### What to work on
Set the whole listing down again, word for word, with no pictures.

### Exercise data
--*--

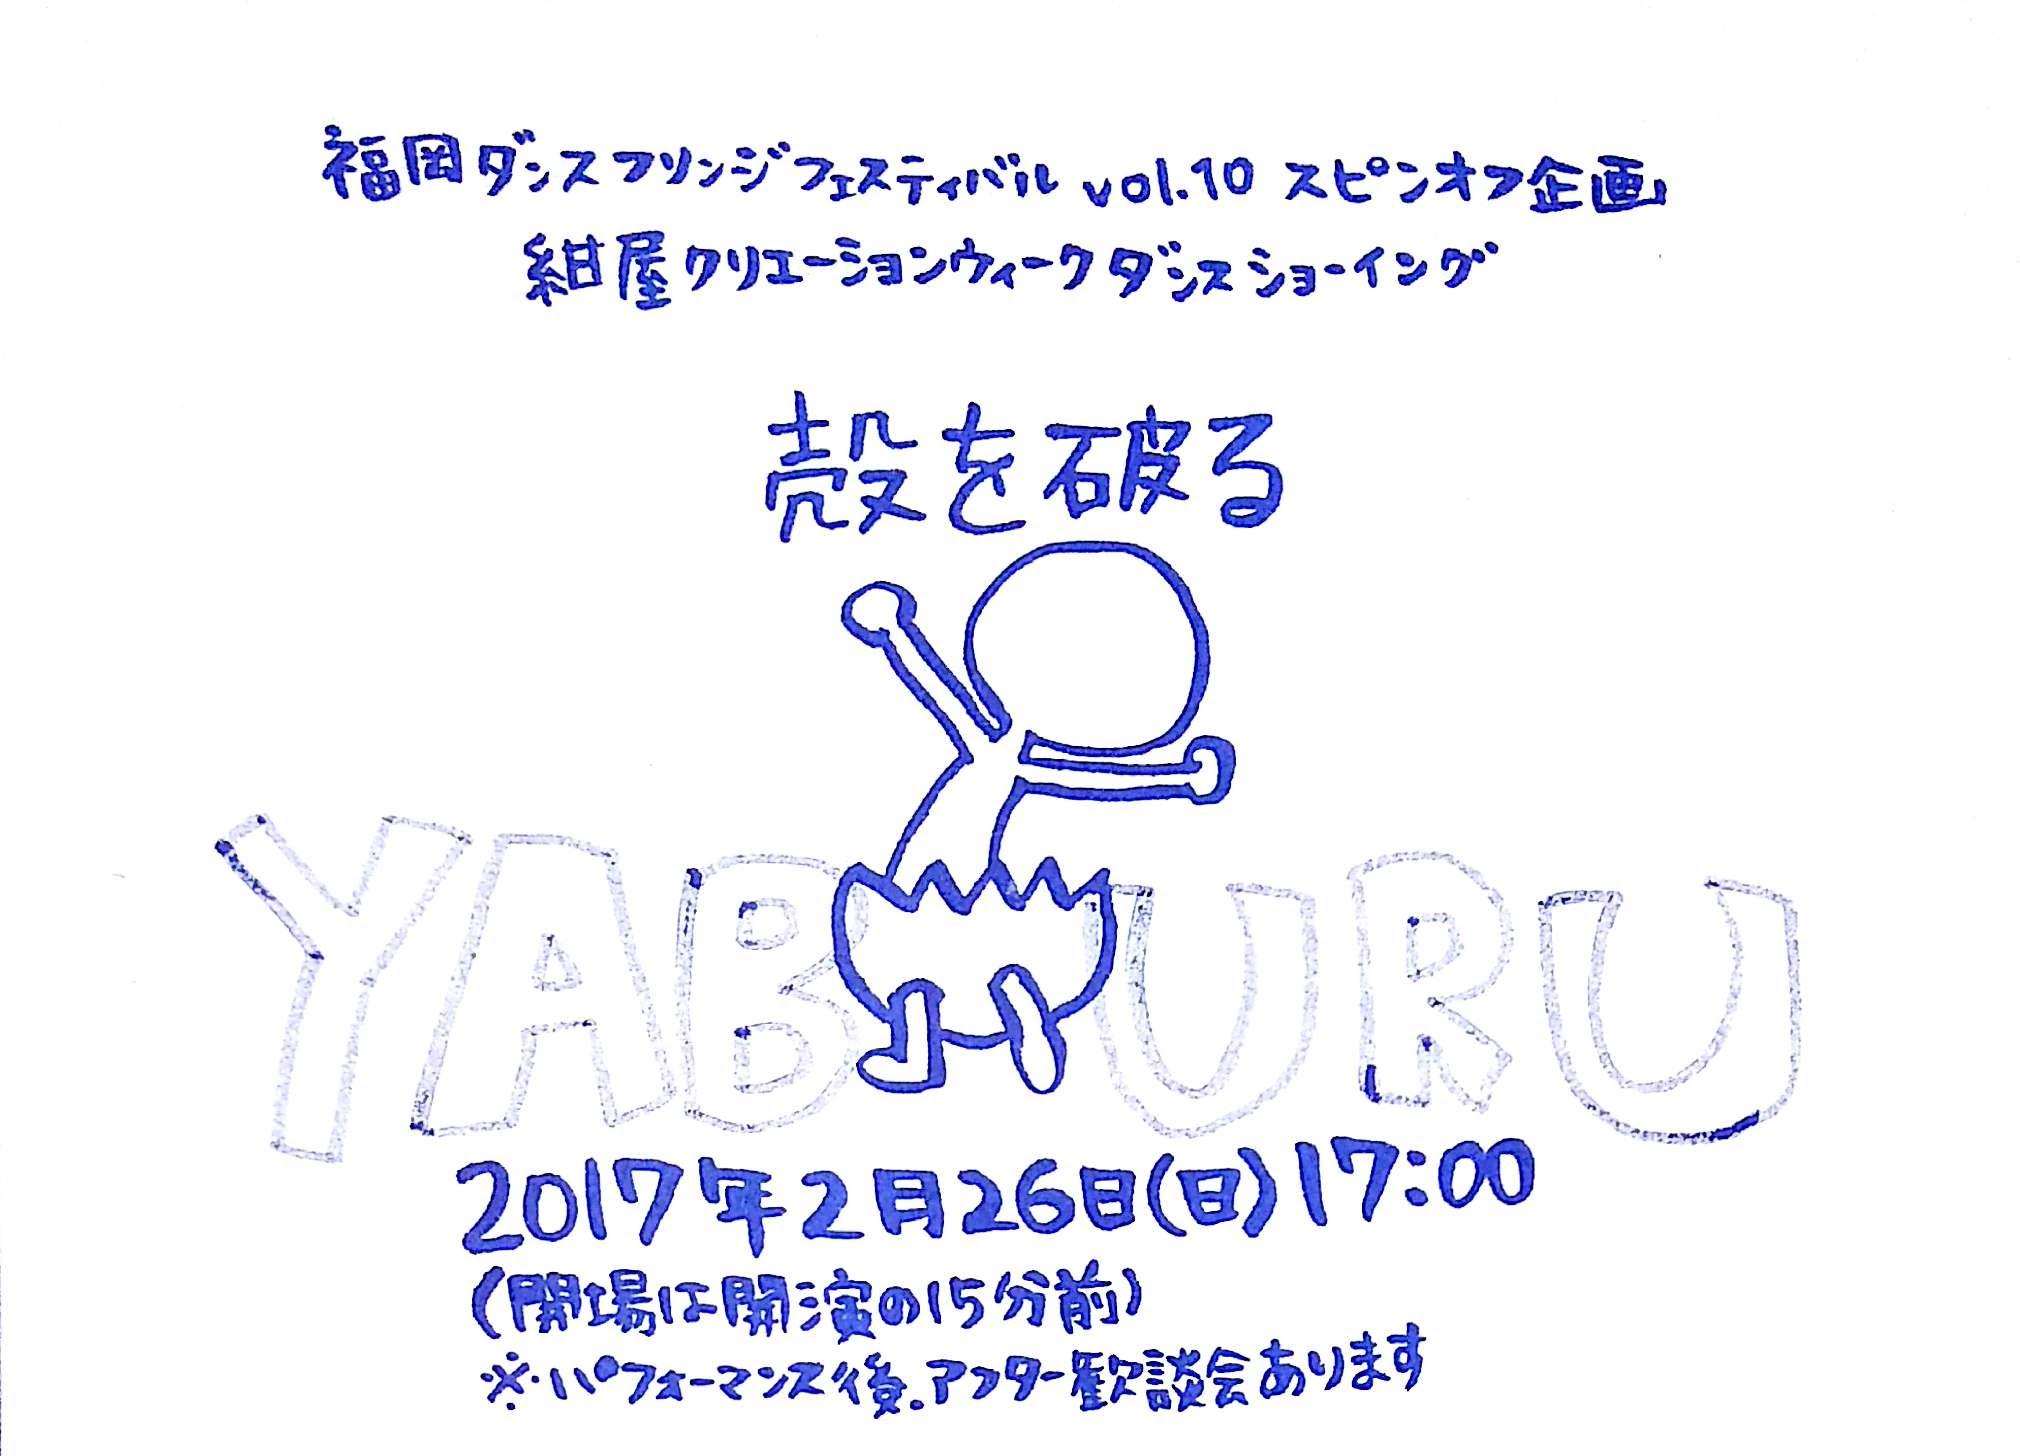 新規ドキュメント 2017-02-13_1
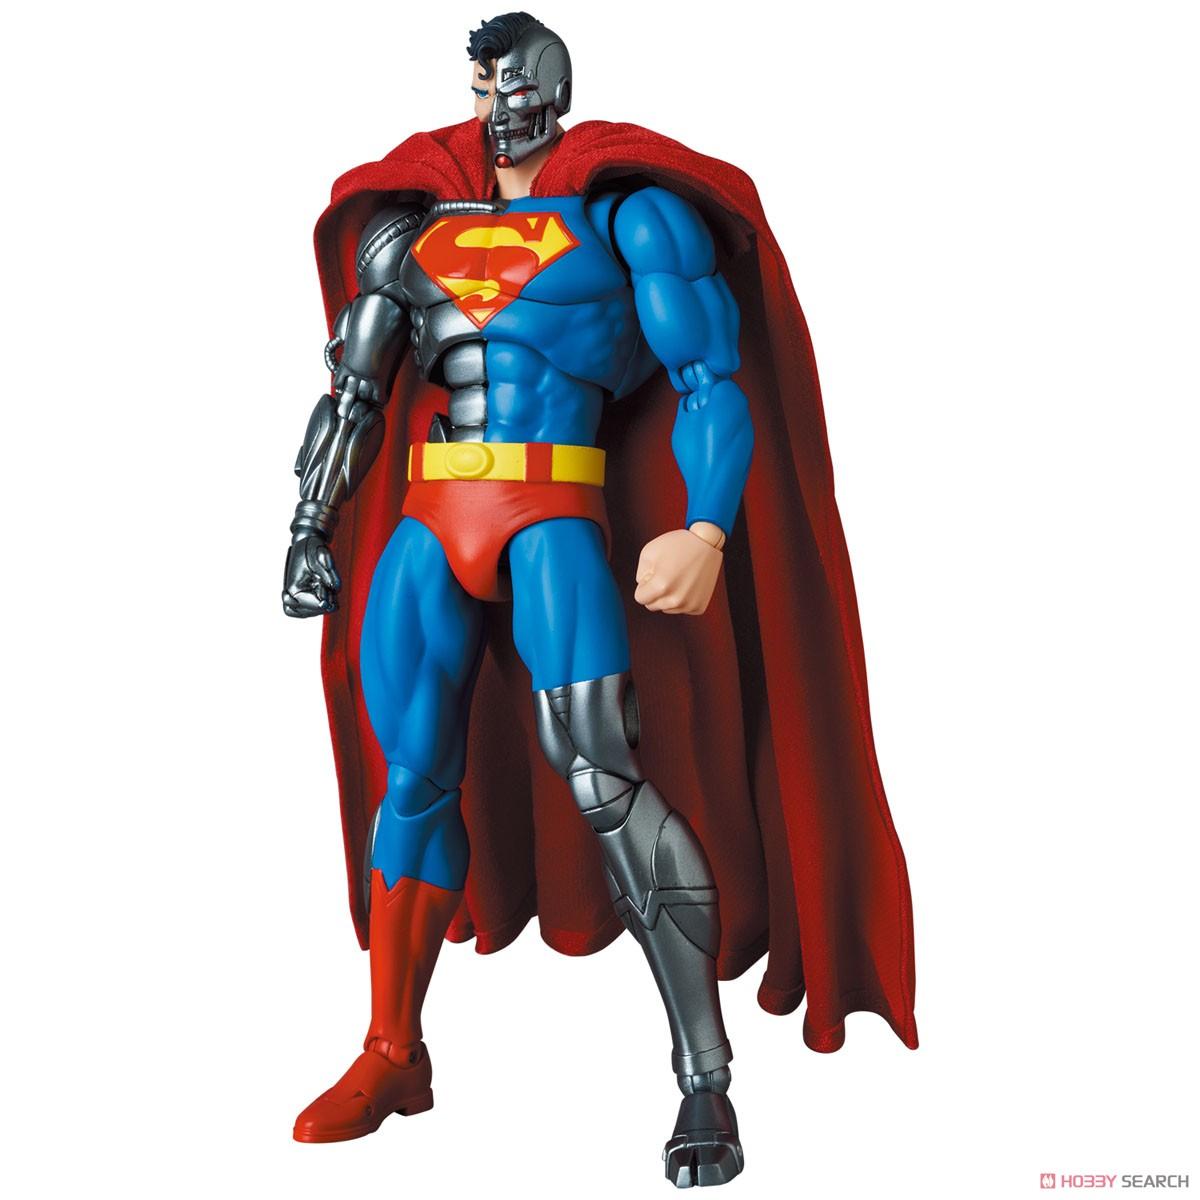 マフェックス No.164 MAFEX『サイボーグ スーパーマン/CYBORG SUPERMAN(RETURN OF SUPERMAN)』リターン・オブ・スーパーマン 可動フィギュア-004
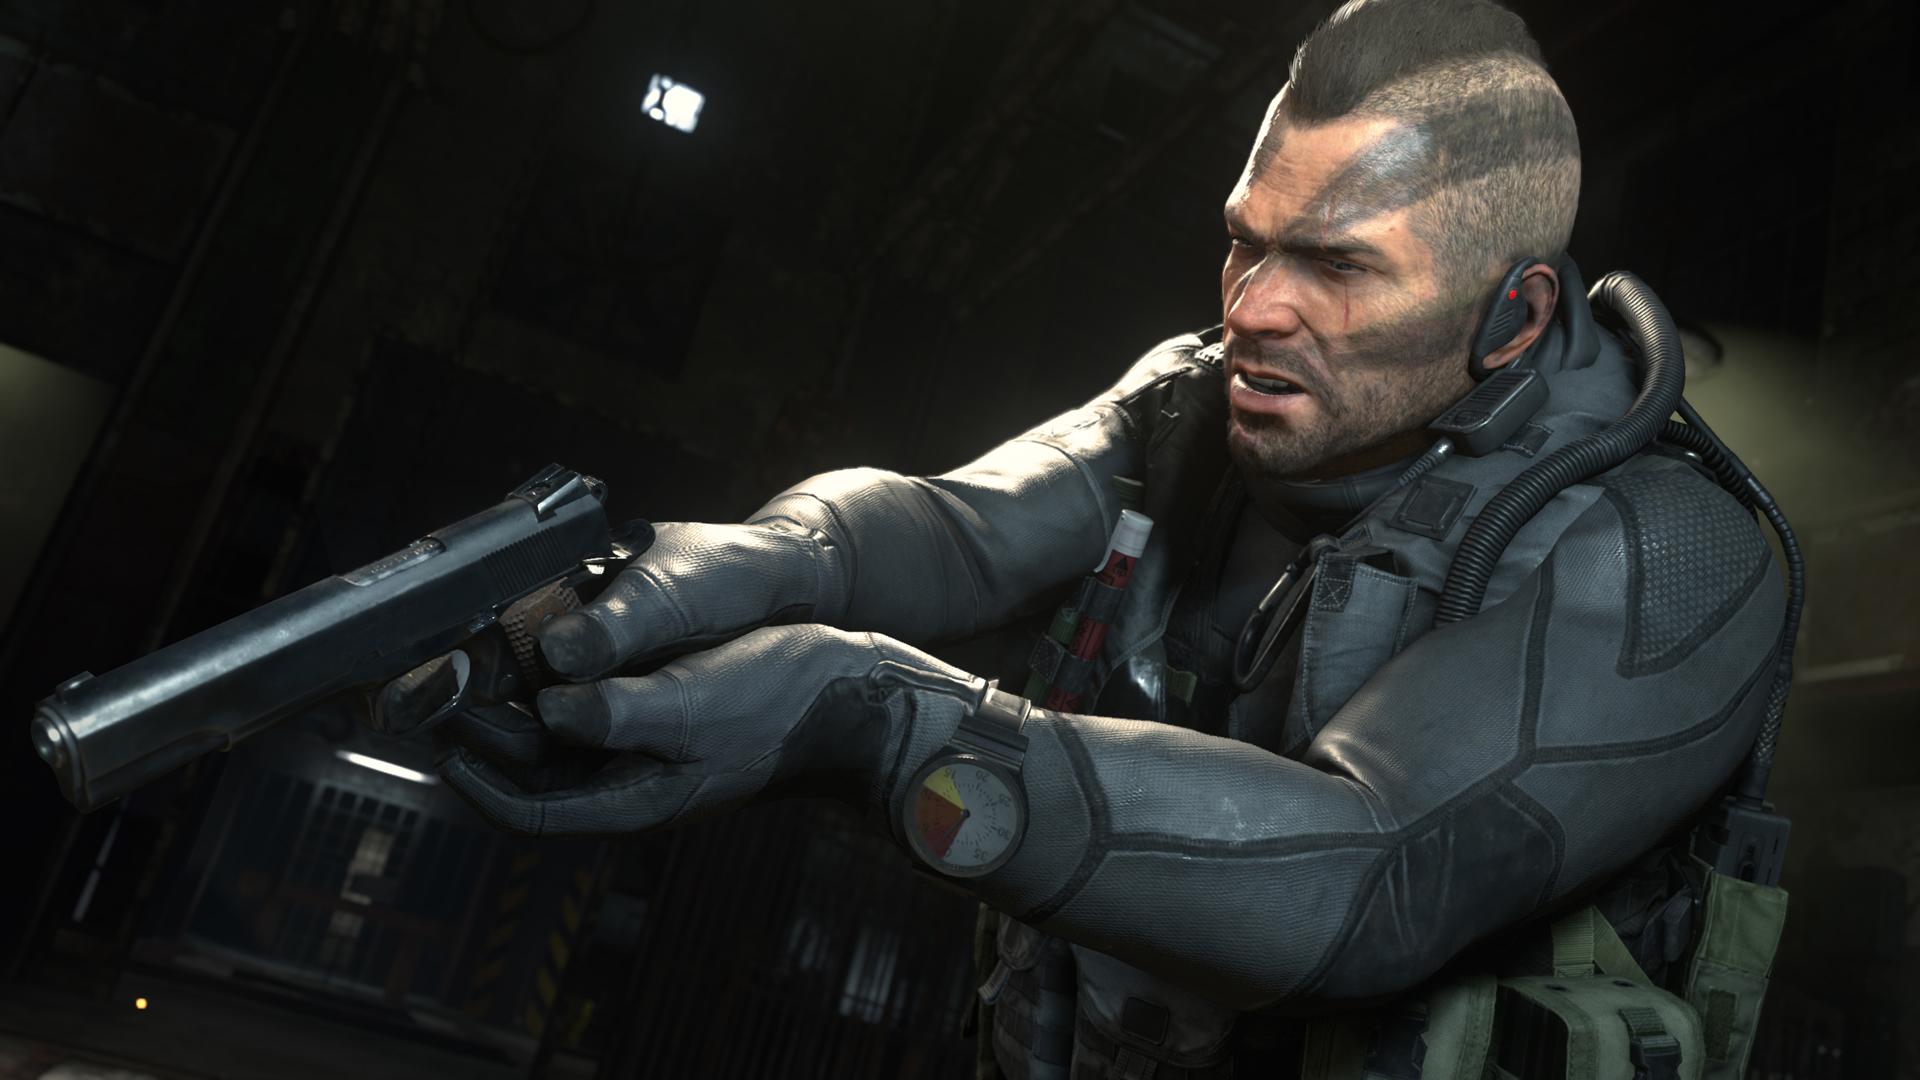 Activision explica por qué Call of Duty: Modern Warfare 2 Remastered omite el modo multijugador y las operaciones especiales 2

--*--

### Result
 新規ドキュメント 2017-02-13_1
 マフェックス No.164 MAFEX『サイボーグ スーパーマン/CYBORG SUPERMAN(RETURN OF SUPERMAN)』リターン・オブ・スーパーマン 可動フィギュア-004
 Activision explica por qué Call of Duty: Modern Warfare 2 Remastered omite el modo multijugador y las operaciones especiales 2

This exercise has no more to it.